Родители купили мне хомяка.

Они вынимали его из клетки, подносили зачем-то мне прямо к лицу и, мерзко улыбаясь, говорили:

– Только посмотри, какой хорошенький.

Хомяк был отвратительный и, главное, тупой. Совершенно ясно, что с ним не о чем разговаривать, – в его тупых красных глазках не проглядывало даже намека на понимание.

Мама сообщила, что его зовут Хома.

Я не врубился, зачем давать имя существу, которое никогда не будет на него откликаться.

Но честно улыбнулся маме. Я уже тогда понимал, что, если родителям улыбаться, они успокоятся и будут меньше давить.

Мне было тогда лет девять.

Я решил подарить хомячку свободу и выпустил его из клетки.

Это тупое создание не хотело никуда выходить, мне пришлось поднять клетку и вытряхнуть его на пол.

Совершив полет и приземлившись на лапы, хомяк тут же удрал под диван.

Диван был старый, пружинный, доставшийся еще от бабушки с дедушкой.

Родителям вообще всегда было в лом покупать мне новое, и они отдавали мне старое: я сидел за старым отцовским столом на его старом, продавленном кресле. Когда пришло время, он отдал мне свой комп, себе купив новый. Увидев это, мама потребовала новый айфон, мне достался ее…

Правда, недавно они купили мне планшет. И то спасибо.

Короче.

Хомяк расположился между пружинами дивана как раз в тот момент, когда в комнату пришел отец выяснять, как у меня дела в школе. На отца периодически находит педагогический раж, к счастью, ненадолго.

Отец рухнул на диван…

Расплющенного пружинами хомяка я обнаружил, когда мама в воспитательных целях заставила меня убирать комнату.

Я заорал и меня вырвало.

Мама, конечно, не могла соскоблить хомяка с пружин – надо было ждать отца.

Она строго-настрого велела мне в комнату до прихода отца не входить.

Помню это удивительное ощущение манящего ужаса. Невозможно разглядывать то, что там, между пружинами, но и не посмотреть на такую невероятность тоже невозможно.

Когда мама уснула – а это, как известно, ее любимое занятие, – я пошел глянуть на раздавленного Хому.

Меня била дрожь, к горлу подкатывал ком, и все-таки я почему-то тихонечко открыл дверь и почему-то на цыпочках подошел к дивану.

Удивляясь сам себе, я довольно спокойно пялился на расплющенную тварь. Мне его совершенно не было жалко, и даже в кайф посмотреть, из чего состоит это мерзкое животное. Занятно было.

В принципе, я готов был сам его соскоблить и выбросить в мусорку, но понимал, что на меня будут орать.

Пришел отец.
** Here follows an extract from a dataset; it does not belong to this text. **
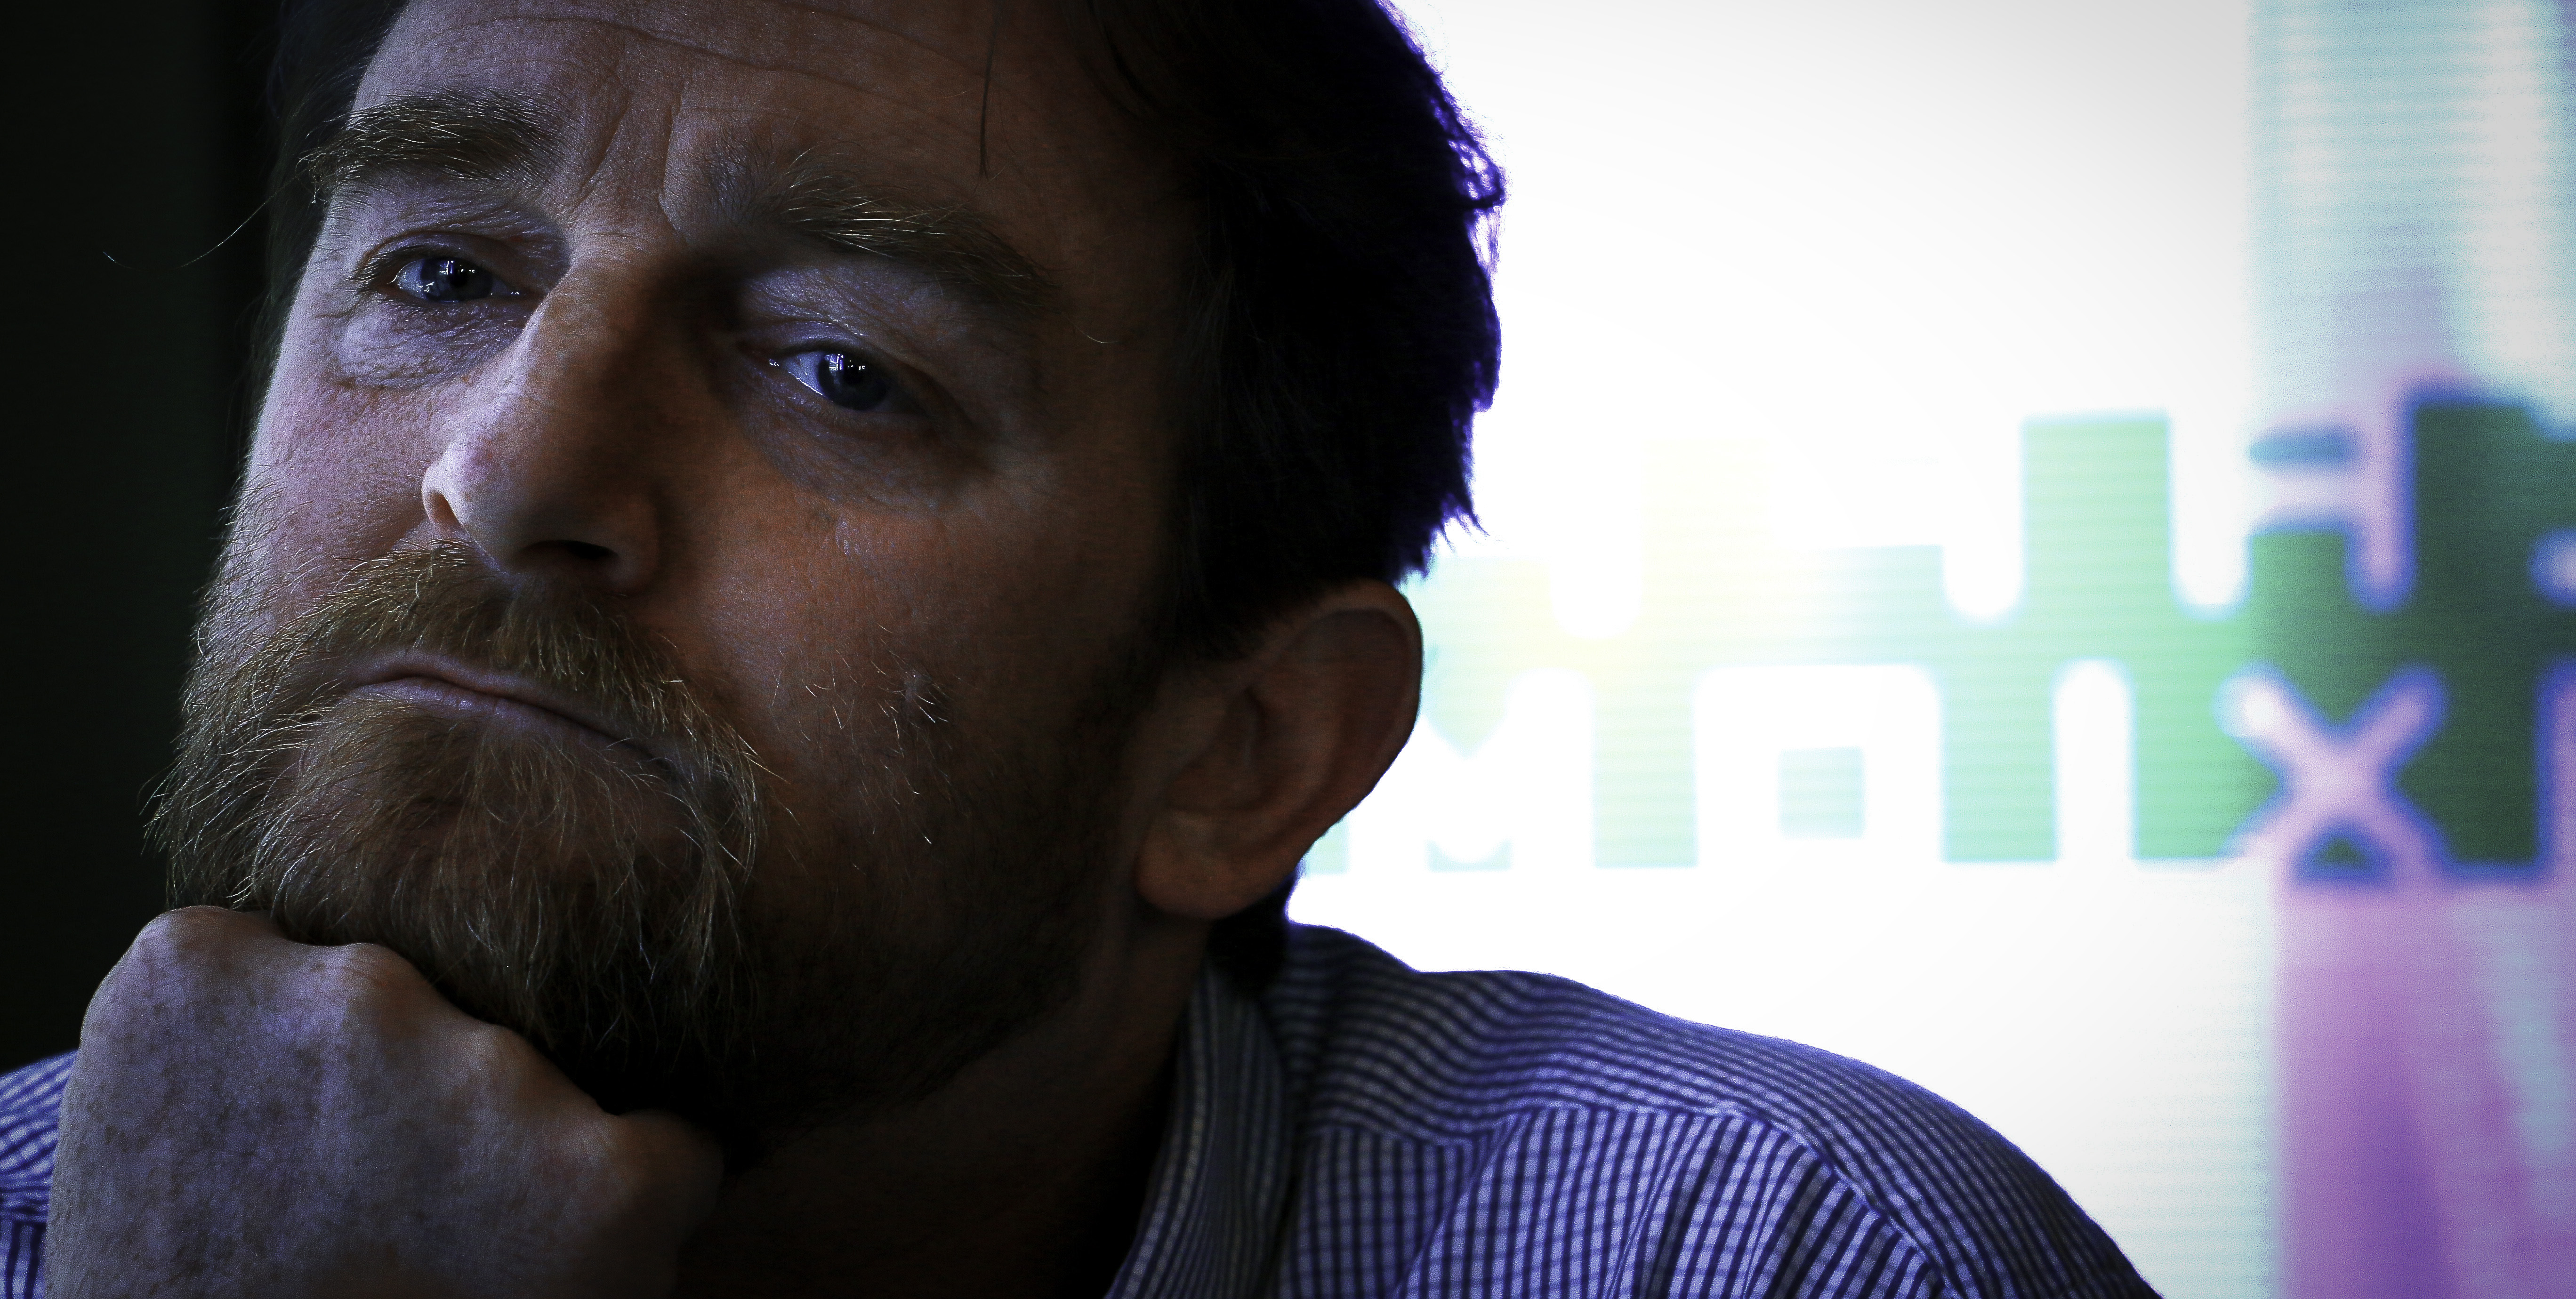 Tom Nicholson: Vyčítali mi, že som blázon bojujúci proti systému

Выкинул трупешник, и меня начали жалеть.

Родители всегда сами решали, как и к чему я должен относиться. Меня не спрашивали.
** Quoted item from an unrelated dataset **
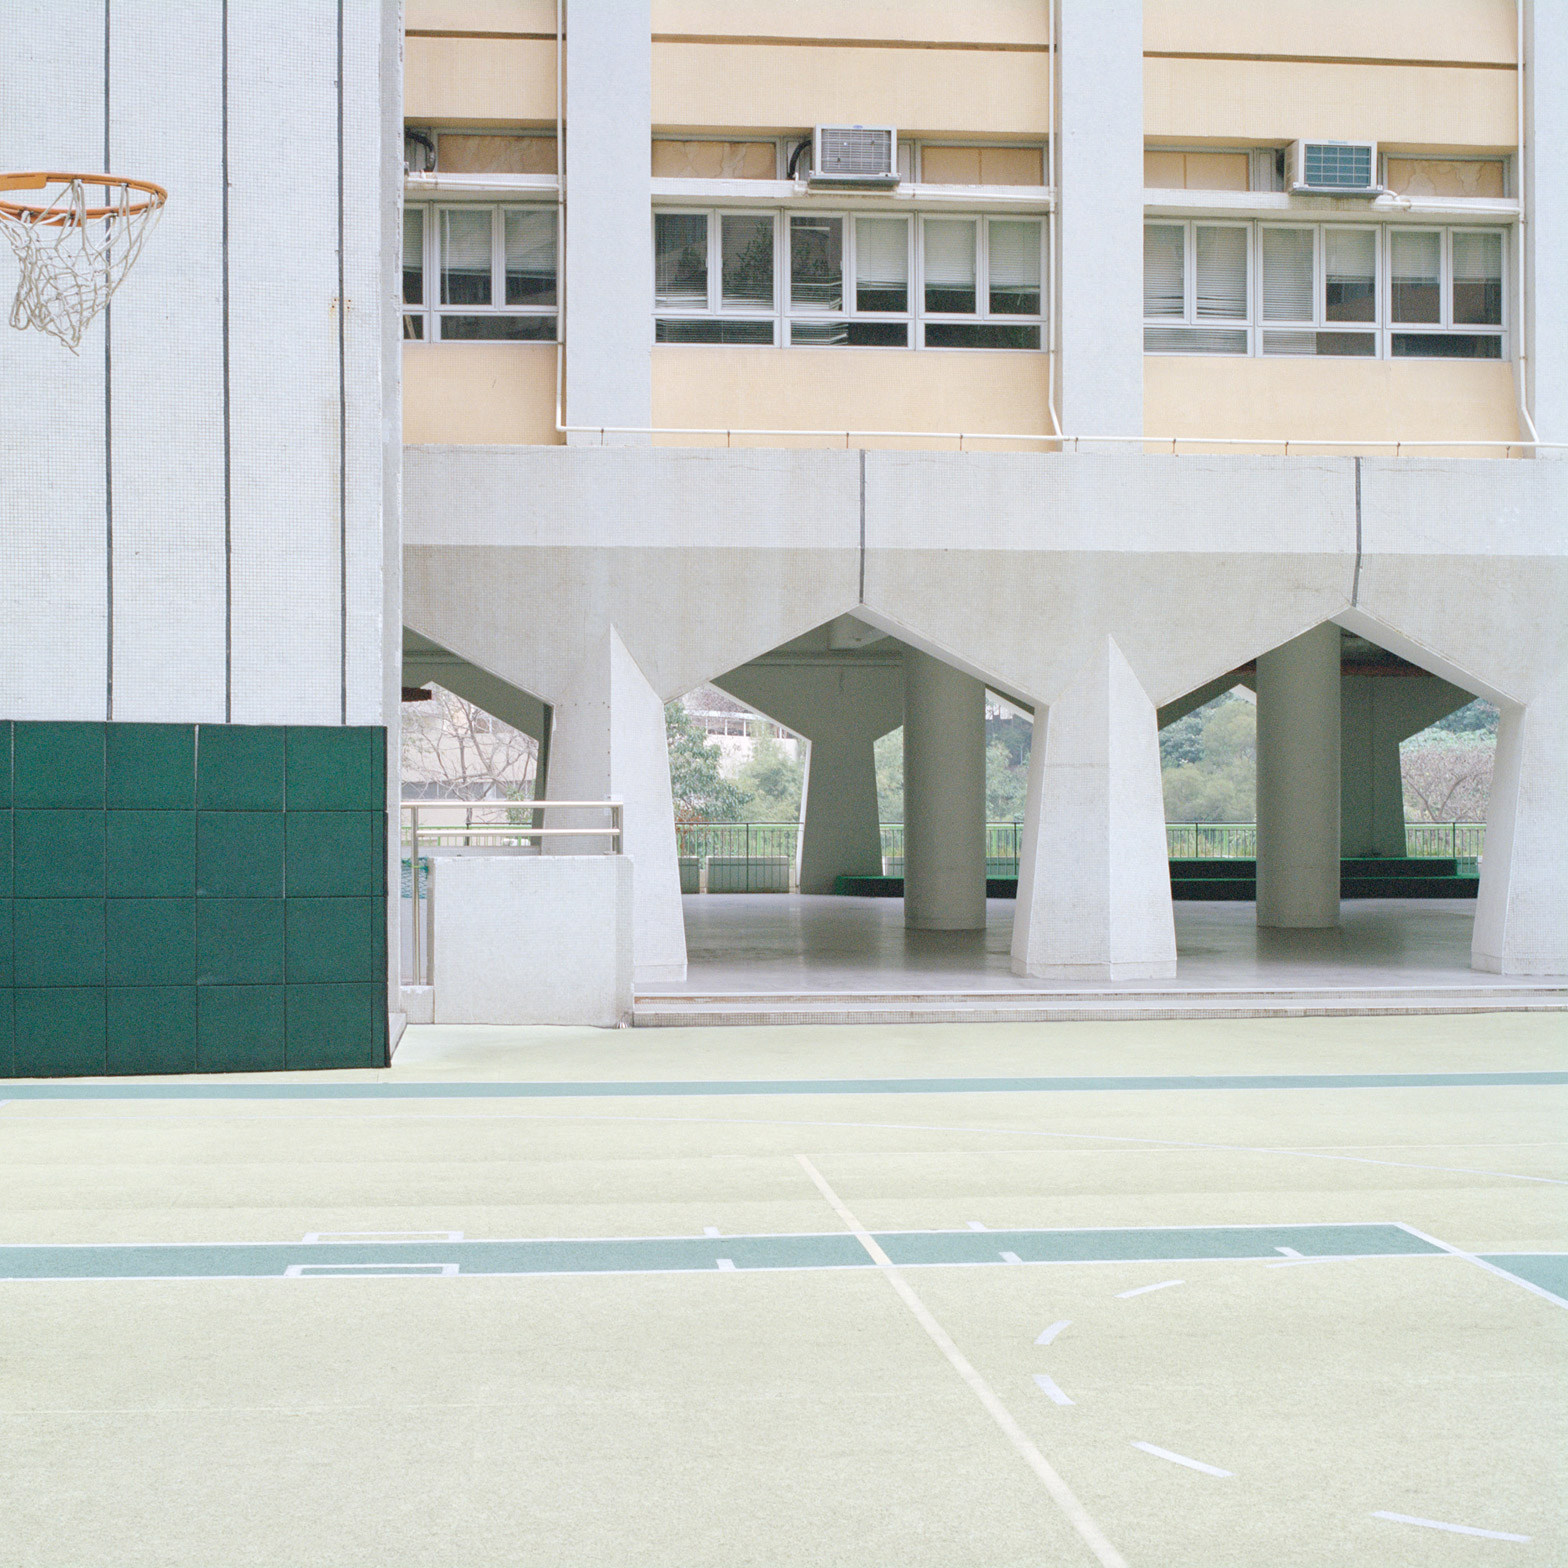 courts-by-ward-roberts_dezeen_1568_34.jpg

Тут они решили, что я очень переживаю по поводу гибели Хомы, что ребенок пережил шок.

Ах, он у нас такой чувствительный! Такой чувствительный.

С чего они взяли?

Короче. Для моего успокоения решили купить рыбок.

Рыбки тупо плавали в бессмысленном аквариуме. Они казались еще более отвратительными, чем хомяк.

– Смотри, какие милые, – причитала мама, стараясь улыбаться.

Я занимался той же фигней: честно пытался улыбаться.

Хорошо помню: хомяк все-таки был живым. Тупым, бессмысленным, но теплым. Когда я брал Хому в руки, он дрожал.

К тому же я видел его внутренности. Они были в крови, что конкретно доказывало: Хома – тварь живая.

Рыбки живыми не были однозначно. Бессмысленные существа – холодные, и, в сущности, безглазые. Они ничем не отличались от стенок аквариума – такие же бездушные и мертвые.

Они были как… не знаю… как вилки или ножи. Да любая такая же фигня, которую никогда и никому не придет в голову жалеть.

И вот я решил провести над ними эксперимент.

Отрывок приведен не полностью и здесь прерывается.